With the release of version 8.5, IBM Lotus Domino server employs the Domino attachment and object service to save significant space at the file level by sharing data identified as identical between databases (applications) on the same server. Document attachments are the first components to use the DAOS feature in Lotus Domino.
In databases that use DAOS, Lotus Domino no longer saves a separate and complete copy of every document attachment. Instead, the server saves a reference to each attached file in an internal repository, and it refers to the same file from multiple documents in one or more databases on the same server. When an attached file is large and a message containing it is broadcast to thousands of users, creating a separate copy of the message for each recipient could require several gigabytes of disk space. Multiple copies of the same attachment often also proliferated in mail threads with multiple replies. With DAOS enabled, disk space usage is substantially reduced.
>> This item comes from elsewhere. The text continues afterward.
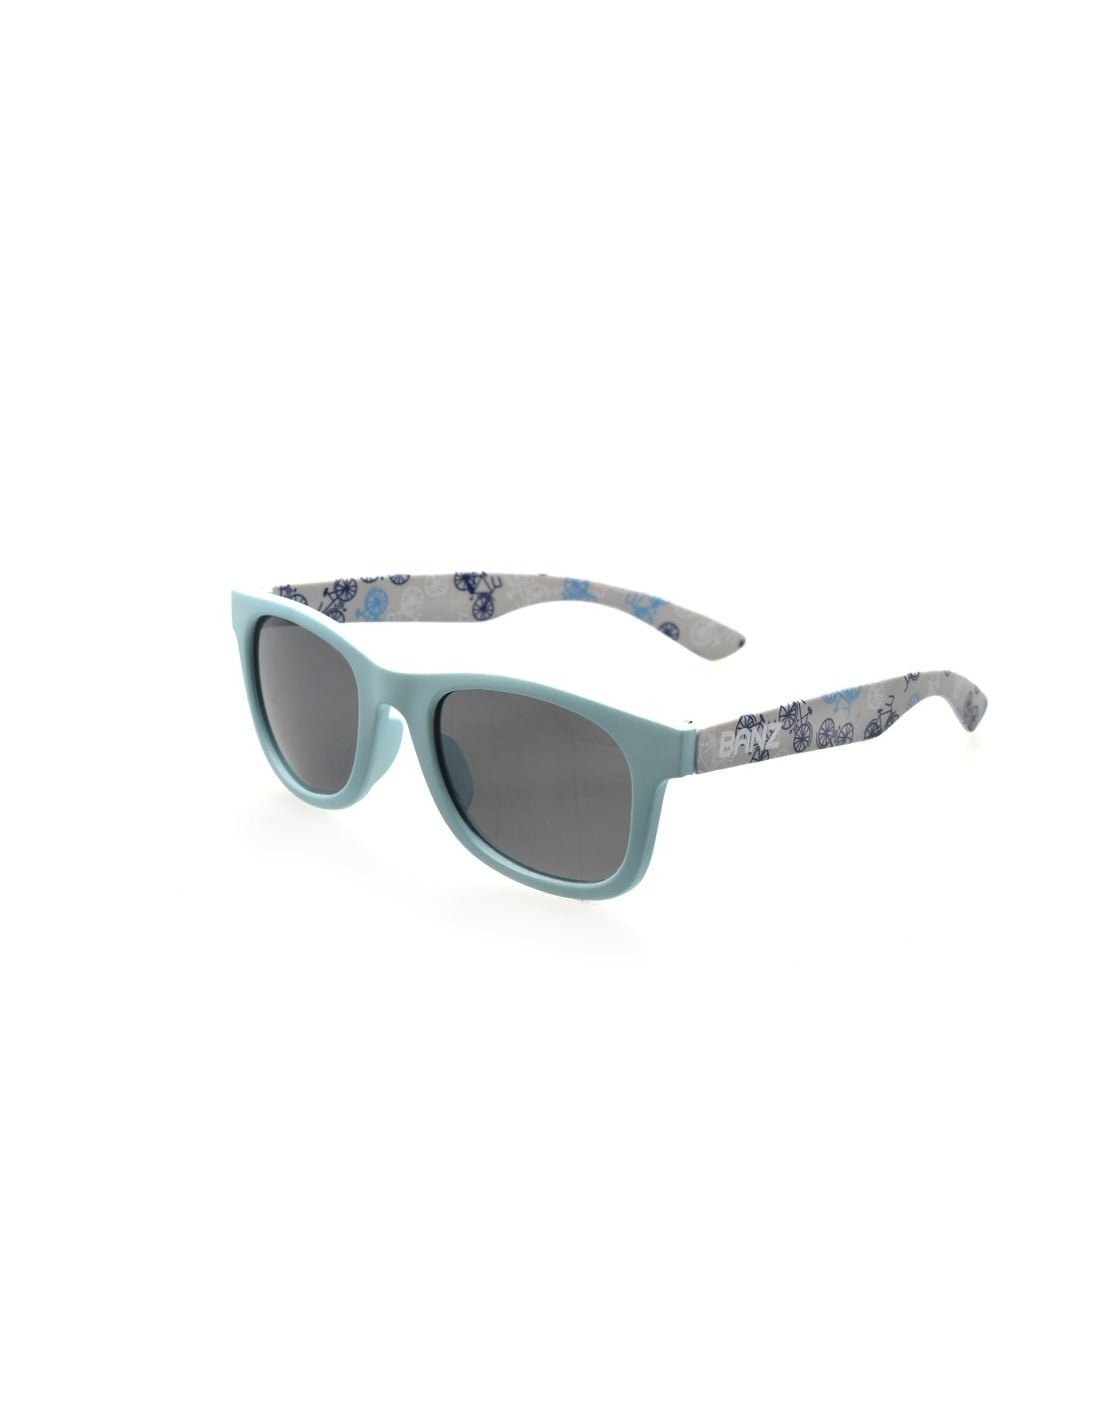 Ochelari de soare 0-2 ani J-Banz Beachcomber Bicycle Ride

Use of an attachment object store is optional, and it involves considerable planning before you can implement it in Lotus Domino.
You can mark databases on a Lotus Domino server for participation in attachment consolidation by enabling consolidation on the DAOS tab in the Server document, and by ensuring that every database that you want to include in consolidation has the "Use Domino Attachment and Object Service" advanced database property selected. DAOS also requires transaction logging to be enabled. DAOS stores a single copy of each attachment in a central mapped repository. After you enable attachment consolidation on a server, all databases on the server that are included in consolidation use the repository to store attachments.
When attachment consolidation is enabled and a user saves an attachment, the body stored in the document contains a reference, sometimes called a ticket, to the attachment, which identifies the attachment in the repository. Consolidation occurs immediately; you do not have to wait for a task to run before disk space savings occur in the size of documents with attachments.